Suelo hacer deporte cuando puedo. Me encanta el juego, lo lúdico, aprender lo que puedes llegar a hacer, explorar límites, aprender la igualdad de todos mientras sigues un código de normas sencillas y das rienda suelta a tu cuerpo para que un balón o una pelota lo obedezca.
Ay, sin embargo a veces uno juega sin ganas. Perdida ya la fe, el mundo no parece un lugar para juegos. Te abandonas, bajas los brazos, sigues corriendo sin encontrar la chispa que otras veces te incitaba a jugar, te llamaba desde tiempos mejores para repetir el conjuro. A veces, los ritos pesan, y aunque sé que no debiera resignarme a la bajeza del abandono y que mis problemas no son nada frente a los de la inmensa mayoría del mundo, la mente se cierra, el cuerpo se bloquea y uno es un autómata de carne que sufre sin sentir que se hiere y alberga pensamientos que hieren sin saber que se sufren.

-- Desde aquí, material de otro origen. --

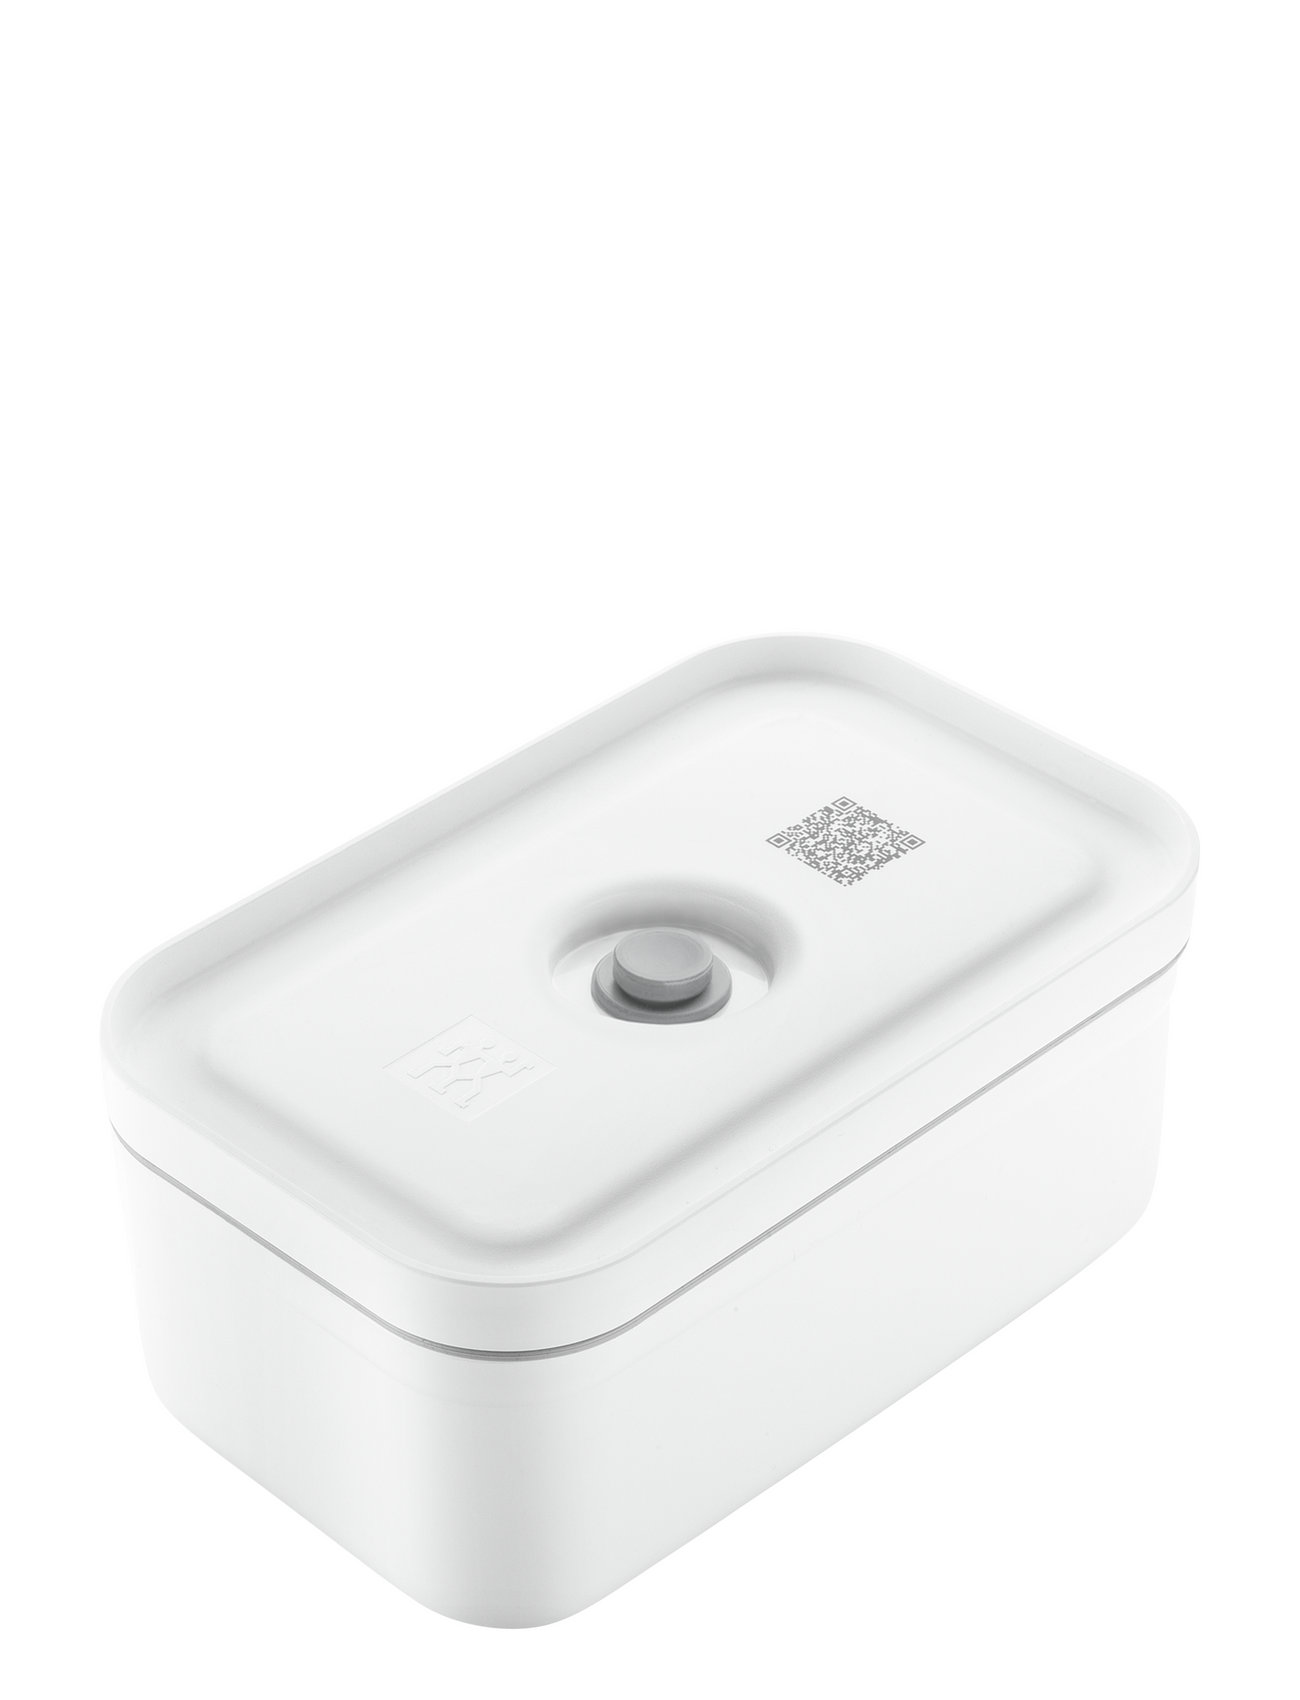 Fresh & Save, Vakuum Madkasser M Wi-Gr Plastik Home Kitchen Kitchen Storage Lunch Boxes White Zwilling

Y corres detrás de una pelota para salir de allí, como si ella marcara el camino hacia otro lujar, mejor, lejos, y las sabanas vuelven a recibirte después mientras sabes que no quisieras estar allí y peleas para alejar la sensación de que llevas demasiados días viviendo sin ganas.
Dundalk se burla de mis tormentas en un vaso de agua y su desprecio me hunde.